In light of these conflicting requirements, the IRS and Treasury Department propose that an HRA-IIHIC would satisfy the Section 105 requirement—that maximum employer contributions for HRAs be uniform for all participants—if the maximum dollar amount within each class of employees only varies based on the final HRA rule’s “same terms” requirement. Variation in the maximum dollar amount between classes of employees would be permitted as long as the definition of “class” was the same as under the final HRA rule, which references 26 CFR §54.9802-4(d).

As proposed, an HRA-IIHIC would not fail the Section 105 test solely due to age-based variation if the HRA is consistent with the age variation exception under the “same terms” requirement. But employers should be careful, the agencies caution, because satisfying the requirements for the Section 105 safe harbor does not necessarily satisfy the nondiscrimination requirements. If, for instance, a disproportionate number of highly compensated individuals qualify for and use the maximum HRA amount allowed based on age (relative to non-highly compensated individuals who qualify for and use lower HRA amounts based on age), the HRA-IIHIC might be found to be discriminatory. In that case, the cost of excess reimbursements would be taxed for the highly compensated individuals.

The proposed rule includes examples to illustrate these proposed safe harbors and interpretations.

Application Of Cafeteria Plan Rules To HRA-IIHICs

In the preamble to the final HRA rule, the agencies noted that some employers may want to allow employees to pay the portion of premiums not covered by an HRA-IIHIC through a salary reduction arrangement under a Section 125 cafeteria plan. Under federal law, an employer generally cannot provide a marketplace plan as a benefit under its cafeteria plan. Because of this, employers cannot permit employees to make salary reduction contributions to a cafeteria plan to purchase a qualified health plan offered through a marketplace.

That said, this restriction does not apply to coverage offered outside of a marketplace. Thus, an employee who purchases individual health insurance coverage outside of the marketplace can pay the balance of the premium through its cafeteria plan. The agencies solicit additional comments about other issues raised by the interaction with cafeteria plan rules.

Implications

The proposed rule—and the positions taken by the IRS and Treasury Department—will likely affect whether large employers opt to move forward with offering an HRA-IIHIC. The safe harbors, while designed to reduce the burden on large employers, could result in confusion about whether and how to fund an HRA-IIHIC.

As proposed, large employers that want to offer an HRA-IIHIC would have a safe harbor from the employer mandate to 1) ignore where an employee actually lives (the location safe harbor); 2) rely on premiums from the past year even if they are different from the plan year (the look-back month safe harbor); and 3) ignore an employee’s actual household income (the affordability safe harbors). These safe harbors might reduce the burden on employers in calculating the amount they should contribute to an HRA-IIHIC for their employees for purposes of the mandate. However, they decouple the HRA contribution amount from the actual cost of coverage in the individual market.
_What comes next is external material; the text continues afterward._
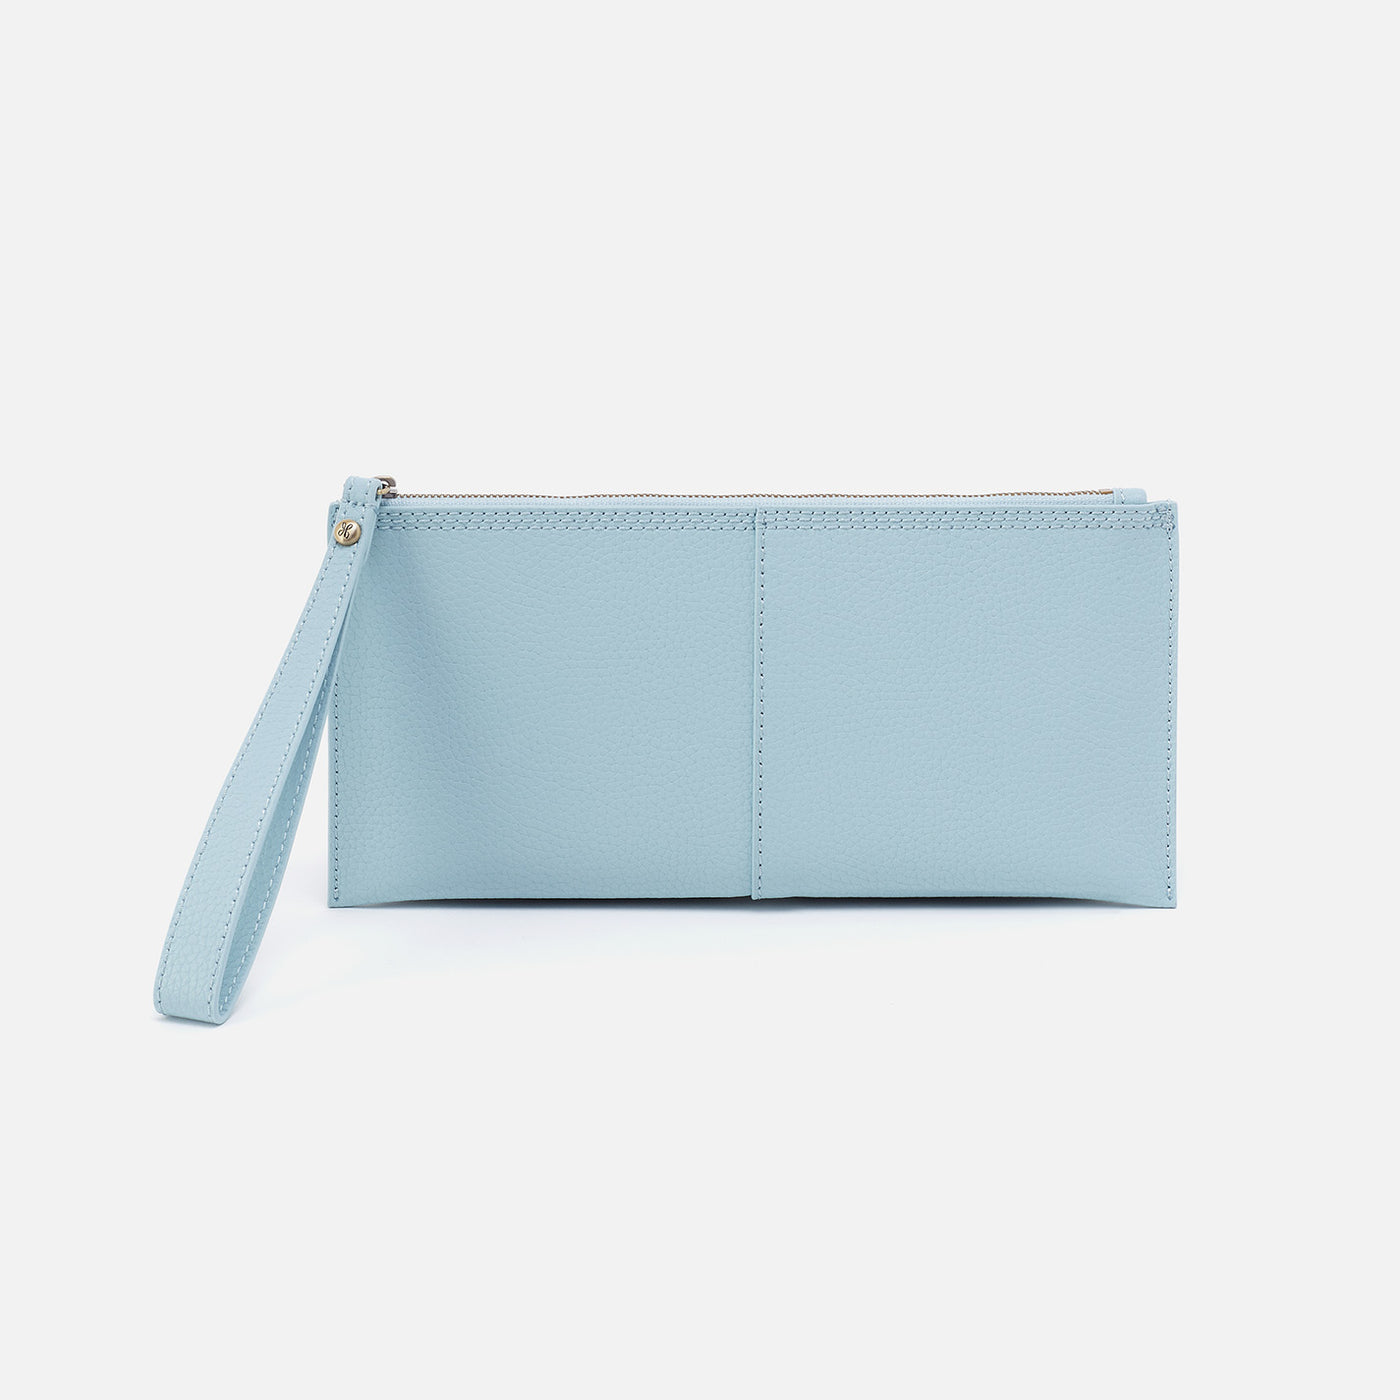 Vida Large Pouch in Micro Pebbled Leather - Starlight Blue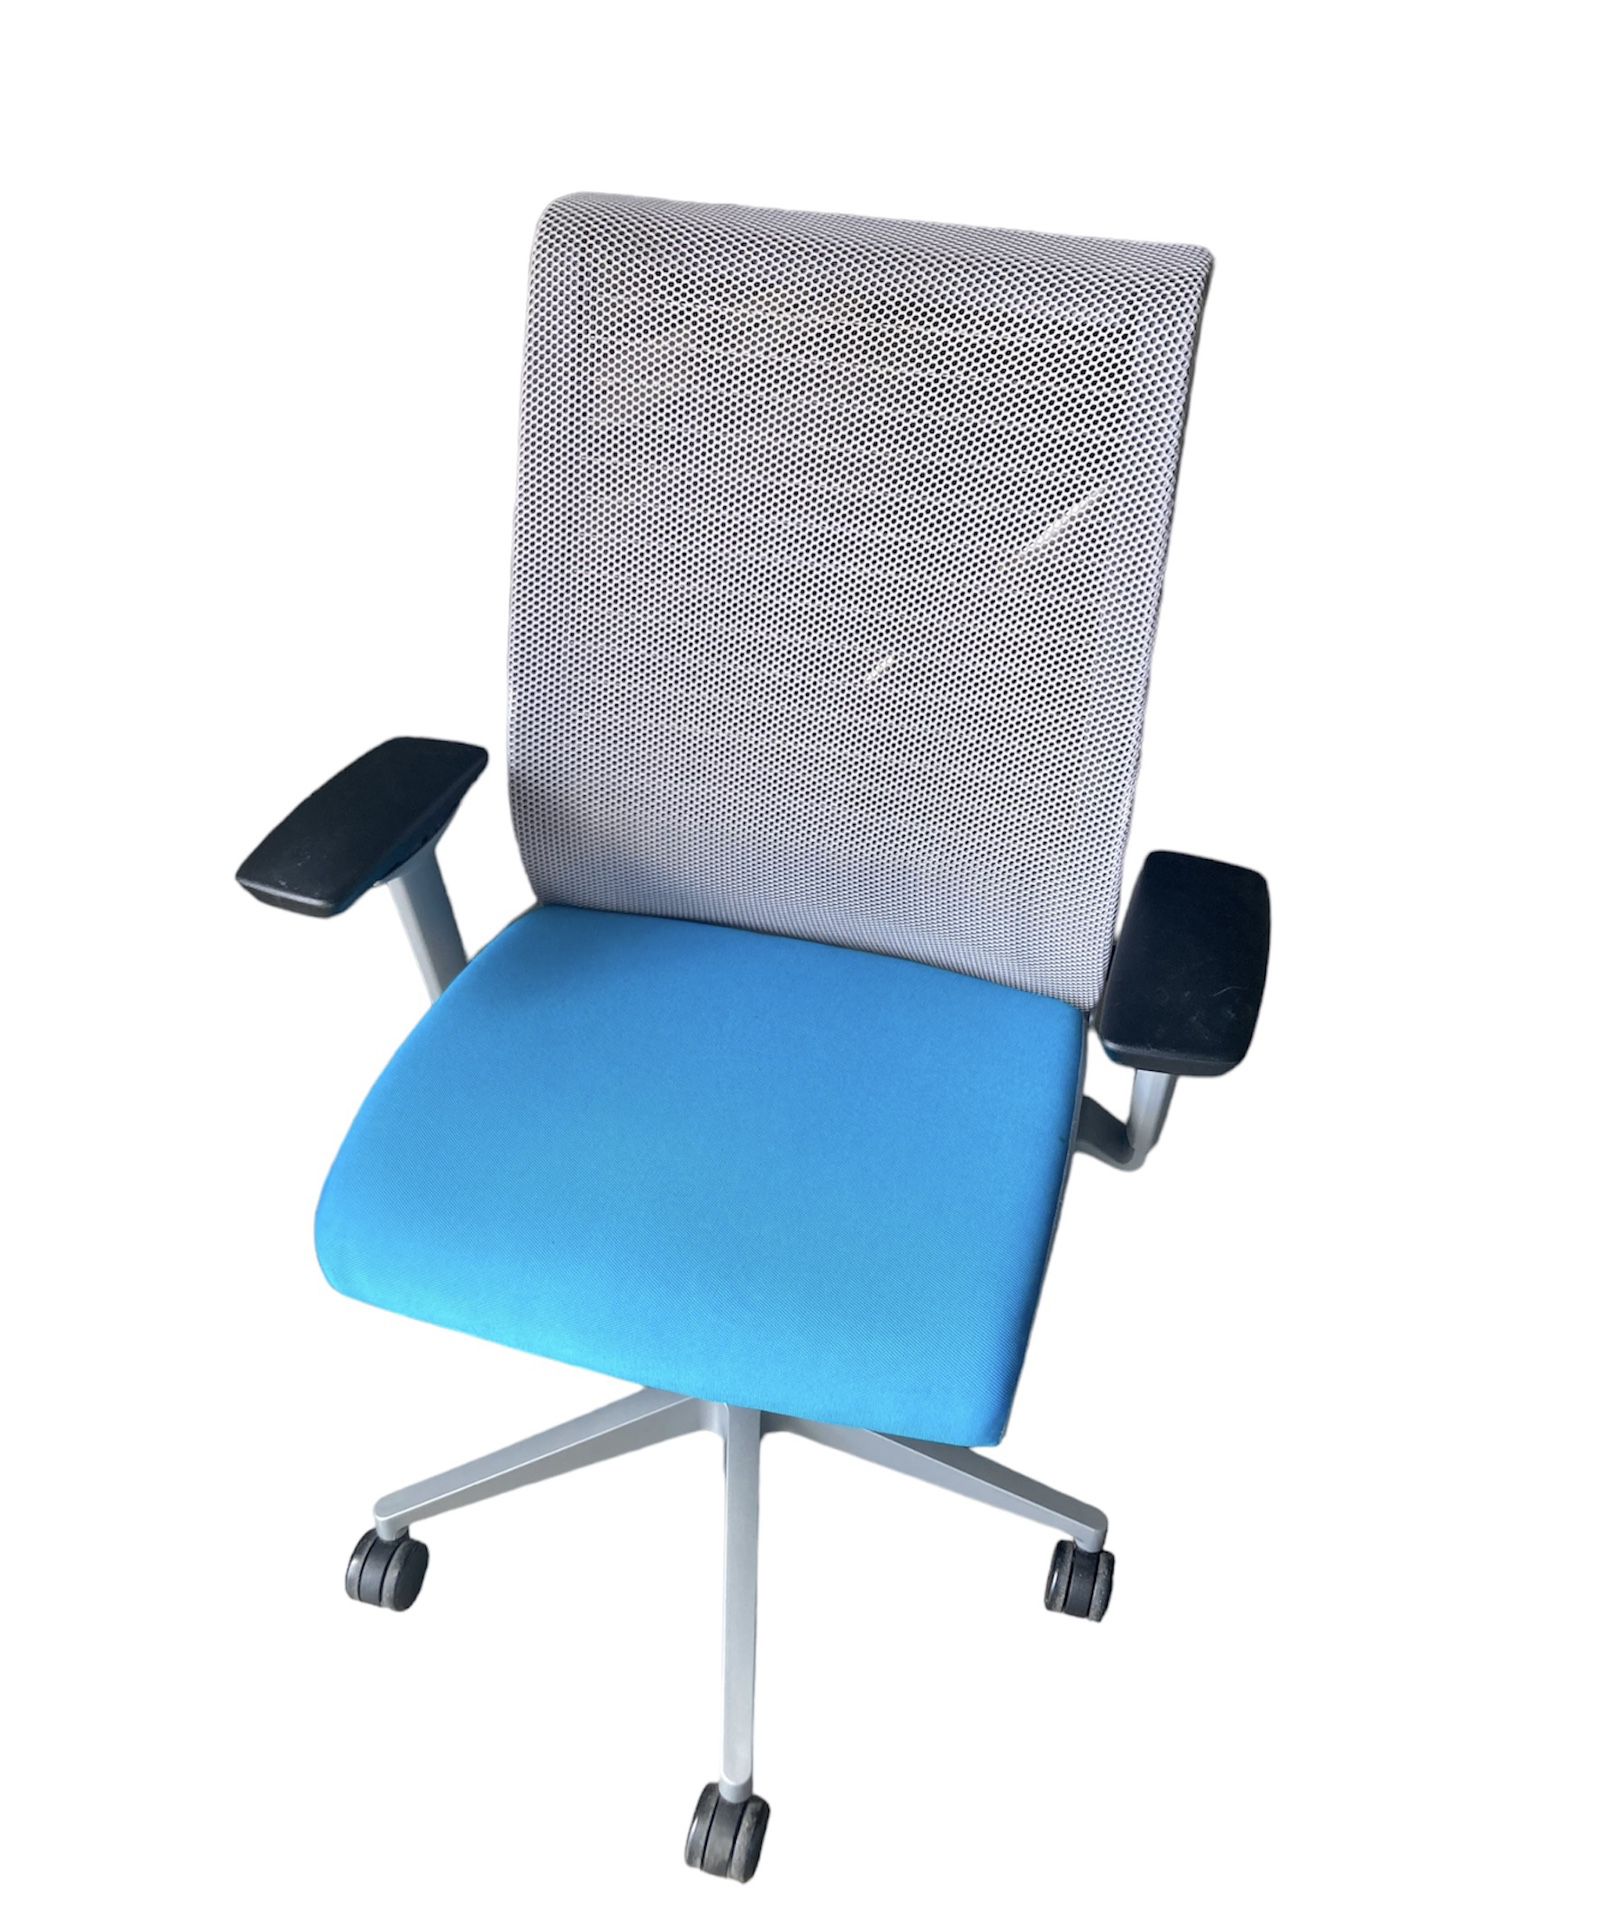 Office Furniture Steelcase Think Chair Starting From $249.99 and Up

This could create a situation in which employers fund HRA-IIHICs at a level based on safe harbors, but the HRAs do not keep pace with real costs in the individual market (which vary based on actual household income, premiums for that year, and a person’s residence). The proposed rule could allow an employer to escape liability under the employer mandate while leaving employees with underfunded HRAs. Even if employees remain eligible for premium tax credits, they might opt into the HRA anyway simply because they do not understand their options.